All this did not sit very well with the Mughal court and they replaced Sarbulund Khan with Abhay singh, son of Ajit singh of Jodhpur. But Abhay Singh was powerless to face and or defeat the Marathas and he too reconciled with the idea that the Peshwa was the only person who could rein in the free- booters in Gujarat and compromised and struck a deal with him.

Meanwhile, the treaty between the Mughals and the Peshwa was not acceptable to the Maratha Senapati Trimbakrao Dabhade, who considered the Gujrat affairs his hereditary right . He was already had ego clashes with the Peshwa, who he was not entirely comfortable accepting as a second supreme authority after the king. Note, the Peshwa on his part was also encouraging new blood like Holkar-Shinde-Pawar and starting on war campaigns without consultations with the sarsenapati.Now this Gujarat issue only aggravated matters further.

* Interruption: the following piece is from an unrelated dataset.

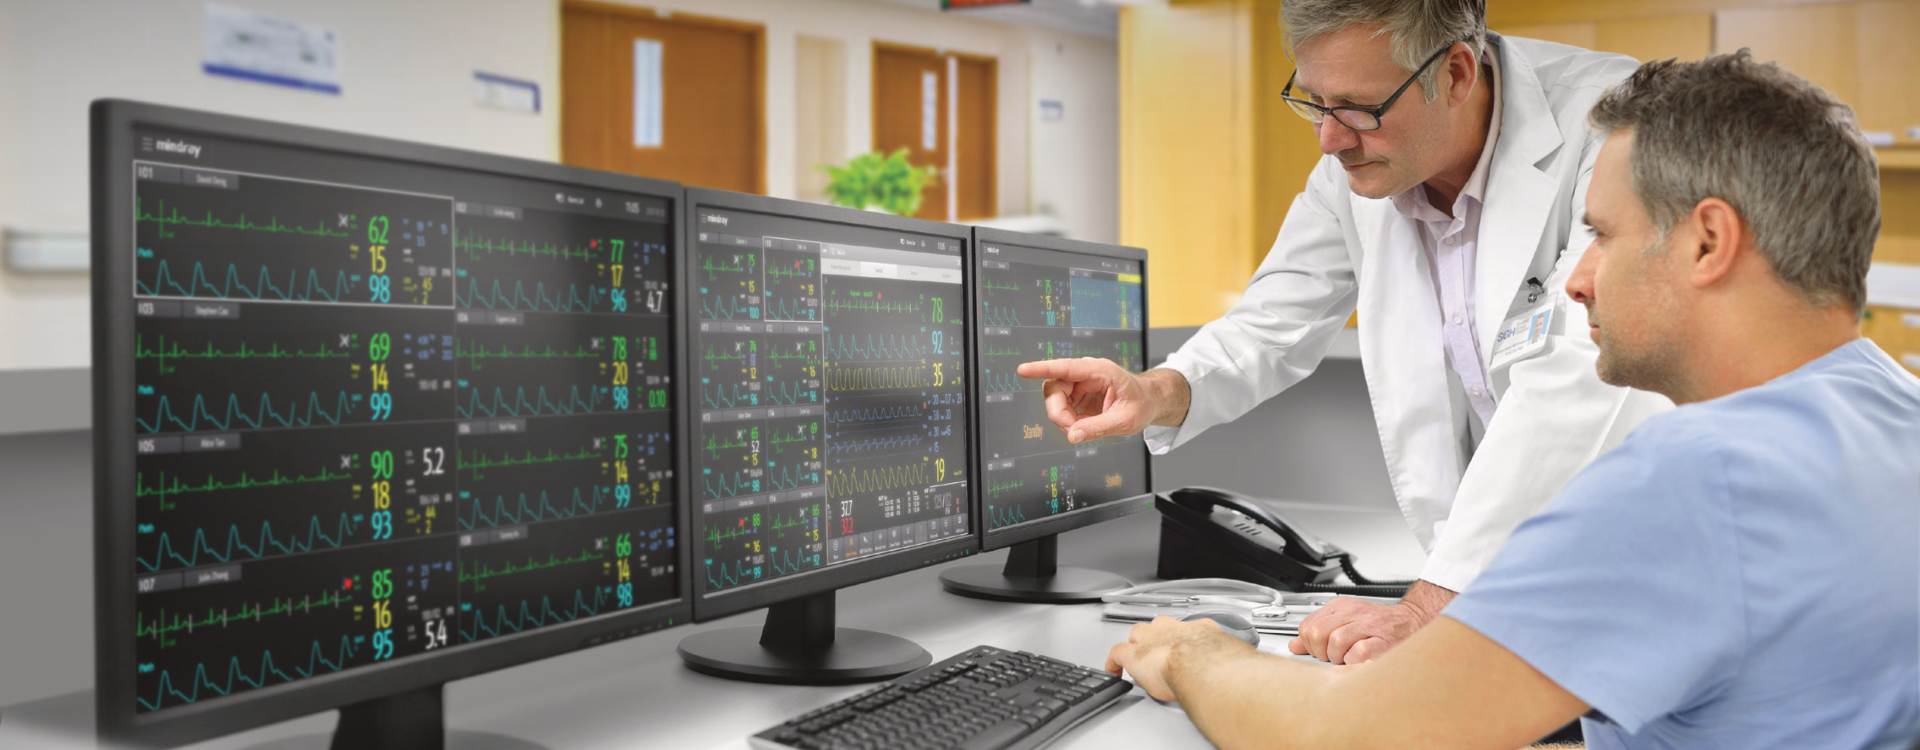 เครื่องติดตามการทำงานของหัวใจไร้สายแบบรวมศูนย์ไม่น้อยกว่า 8 ยูนิต  Central Monitoring System BeneVision™ CMS  Mindray

Sarsenapati Trimbakrao Dabhade then accused Peshwa Bajirao II of breaching the contract made between the Dabhade family and Chatrapati Shahu.Finding the king not very supportive, and evasive in the matter, he decided to take on Bajirao directly. In a skirmish that followed at Dabhoi in April 1731, Trimbakrao Dabhade was killed (Pilaji Gaekwads son Sambhaji also died in that battle). Also captured were rebels like Udaji Pawar (he had fallen out with Bajirao) and Chimnaji Damodar who were fighting on Dabhade's side.